● **Data excerpt**

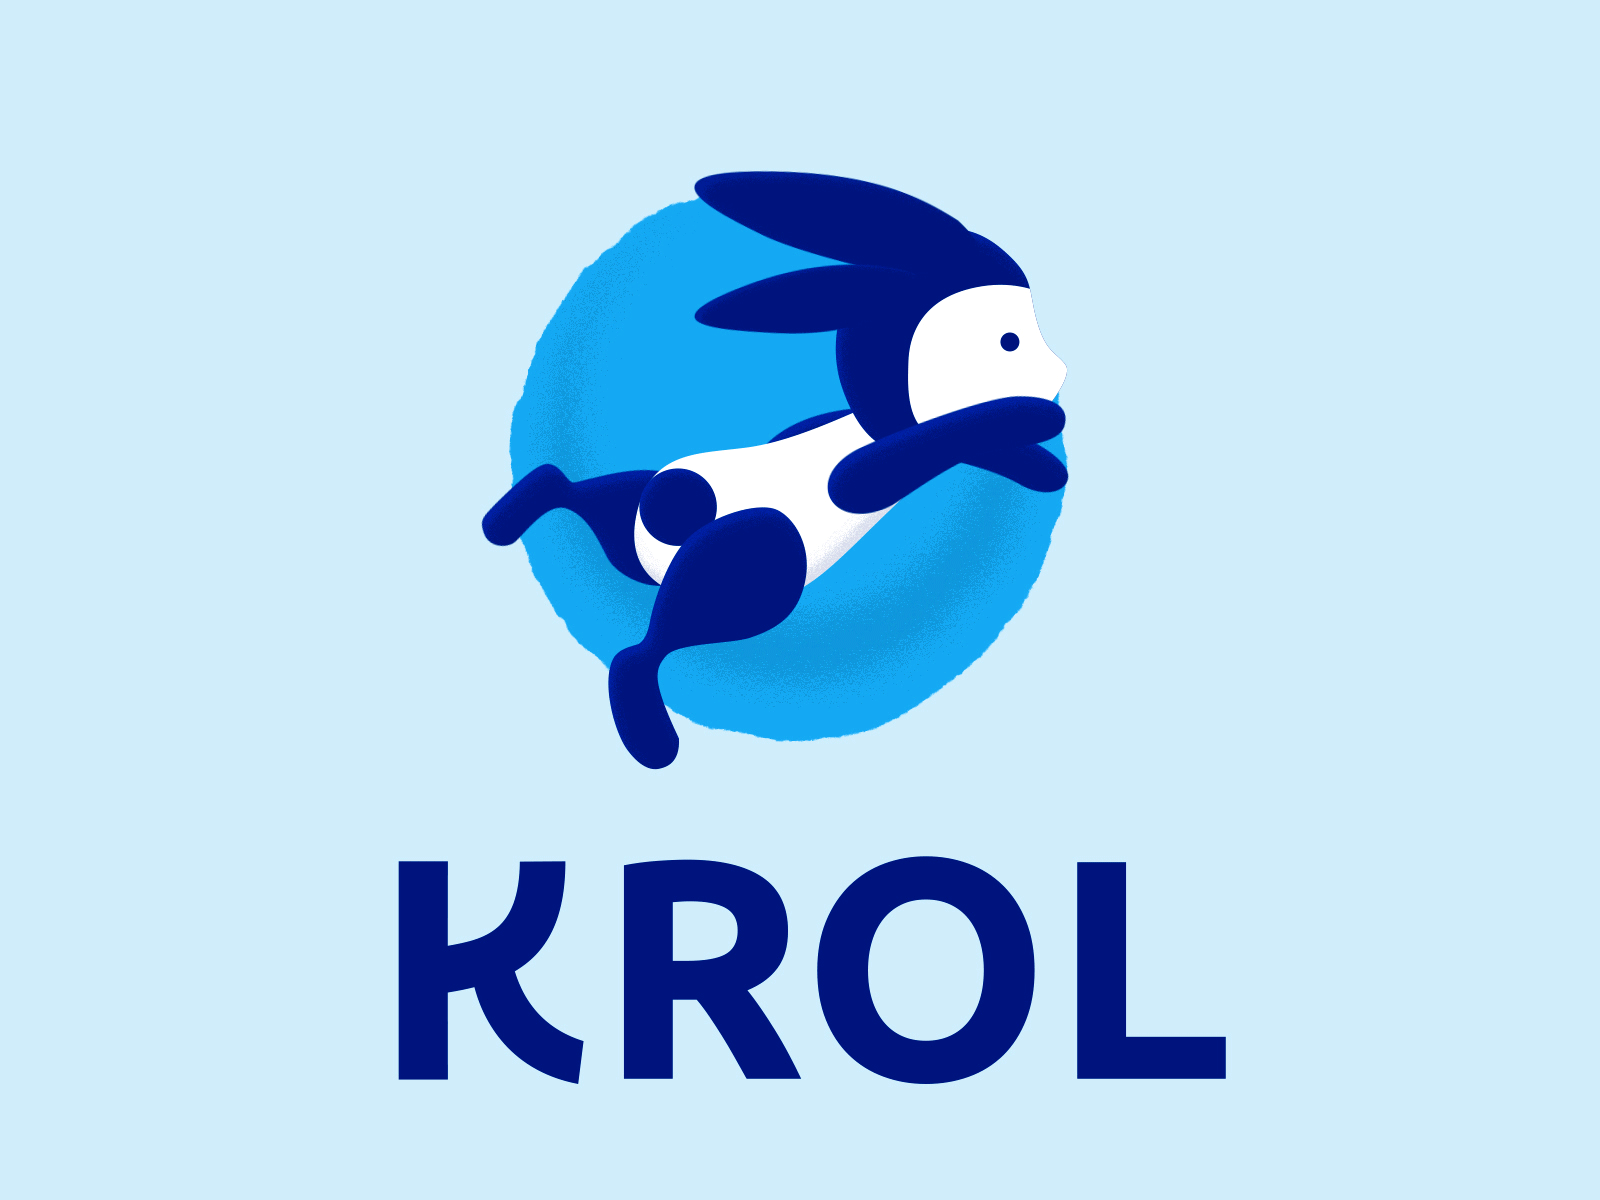 KROL Logotype
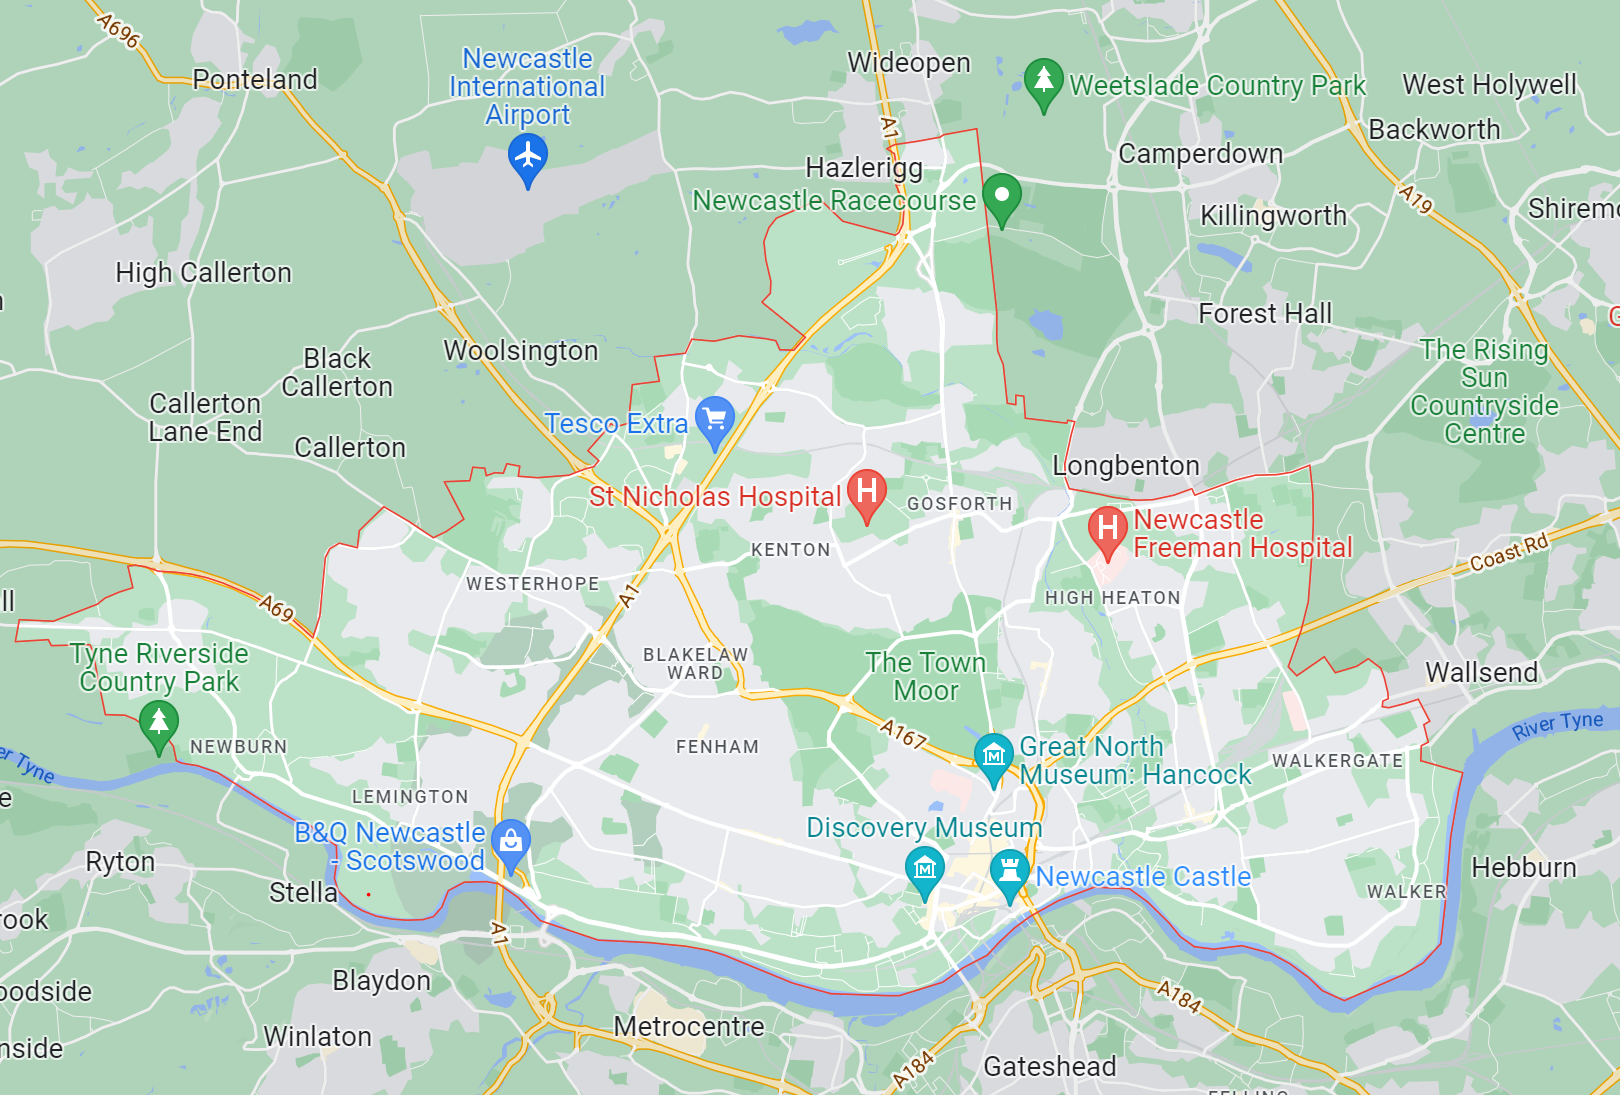 Map of Healthwatch Newcastle area
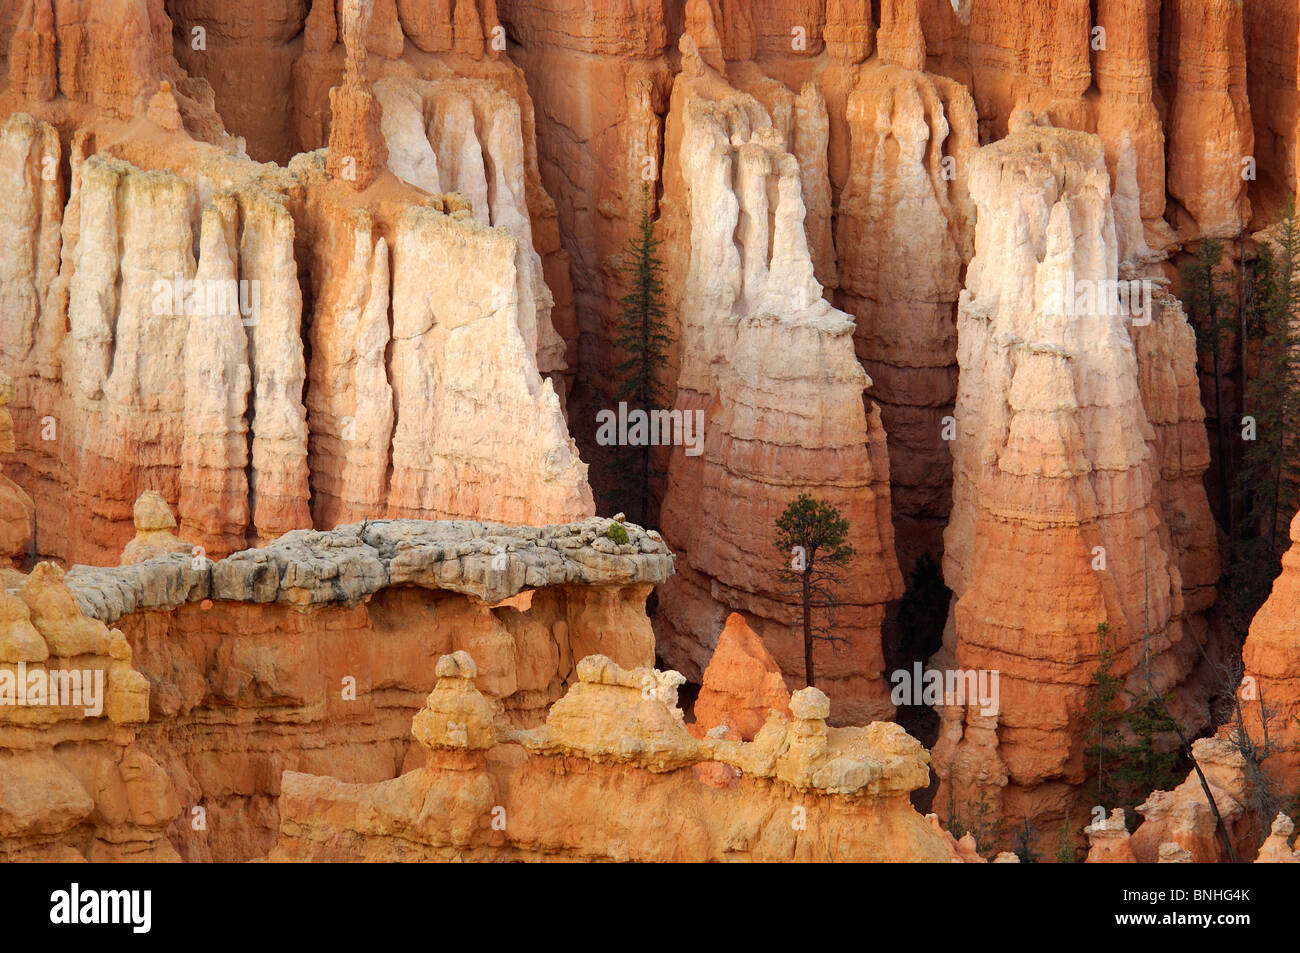 Usa Utah Inspiration Point Bryce Canyon National Park Landscape Scenery Rocks Rock Craggy Erosion Pinnacles Eroded Stock Photo

● **Exercise details**
Return all of the material precisely as written. No picture belongs in it.

● **Solution for this task**
 KROL Logotype
 Map of Healthwatch Newcastle area
 Usa Utah Inspiration Point Bryce Canyon National Park Landscape Scenery Rocks Rock Craggy Erosion Pinnacles Eroded Stock Photo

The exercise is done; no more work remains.